= Projection pursuit =

Statistical technique

Projection pursuit (PP) is a type of statistical technique that involves finding the most "interesting" possible projections in multidimensional data. Often, projections that deviate more from a normal distribution are considered to be more interesting. As each projection is found, the data are reduced by removing the component along that projection, and the process is repeated to find new projections; this is the "pursuit" aspect that motivated the technique known as matching pursuit.

The idea of projection pursuit is to locate the projection or projections from high-dimensional space to low-dimensional space that reveal the most details about the structure of the data set. Once an interesting set of projections has been found, existing structures (clusters, surfaces, etc.) can be extracted and analyzed separately.

Projection pursuit has been widely used for blind source separation, so it is very important in independent component analysis. Projection pursuit seeks one projection at a time such that the extracted signal is as non-Gaussian as possible.

== History ==
Projection pursuit technique were originally proposed and experimented by Kruskal. Related ideas occur in Switzer (1970) "Numerical classification" pp31–43 in "Computer Applications in the Earth Sciences: Geostatistics, and Switzer and Wright (1971) "Numerical classification of eocene nummulitids," Mathematical Geology pp 297–311. The first successful implementation is due to Jerome H. Friedman and John Tukey (1974), who named projection pursuit.

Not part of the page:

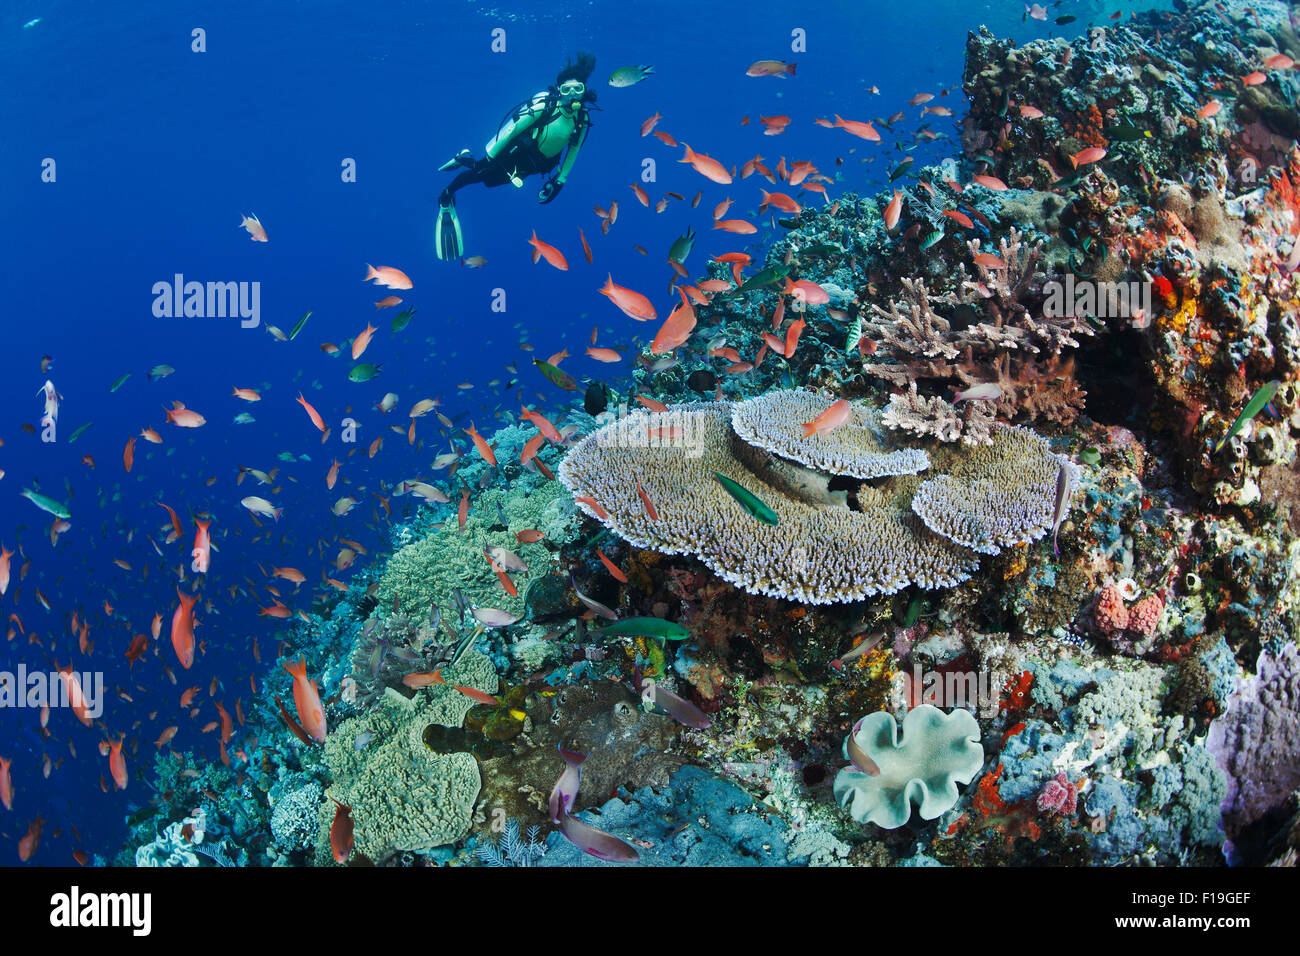 Px0152-D. Scuba Diver (modelo liberado) admira arrecifes sanos con diversidad de corales duros y blandos y abundante vida de los peces. Foto de stock

The original purpose of projection pursuit was to machine-pick "interesting" low-dimensional projections of a high-dimensional point cloud by numerically maximizing a certain objective function or projection index.

Several years later, Friedman and Stuetzle extended the idea behind projection pursuit and added projection pursuit regression (PPR), projection pursuit classification (PPC), and projection pursuit density estimation (PPDE).

== Feature ==
The most exciting feature of projection pursuit is that it is one of the very few multivariate methods able to bypass the "curse of dimensionality" caused by the fact that high-dimensional space is mostly empty. In addition, projection pursuit is able to ignore irrelevant (i.e. noisy and information-poor) variables. This is a distinct advantage over methods based on interpoint distances like minimal spanning trees, multidimensional scaling and most clustering techniques.

Many of the methods of classical multivariate analysis turn out to be special cases of projection pursuit. Examples are principal component analysis and discriminant analysis, and the quartimax and oblimax methods in factor analysis.

One serious drawback of projection pursuit methods is their high demand on computer time.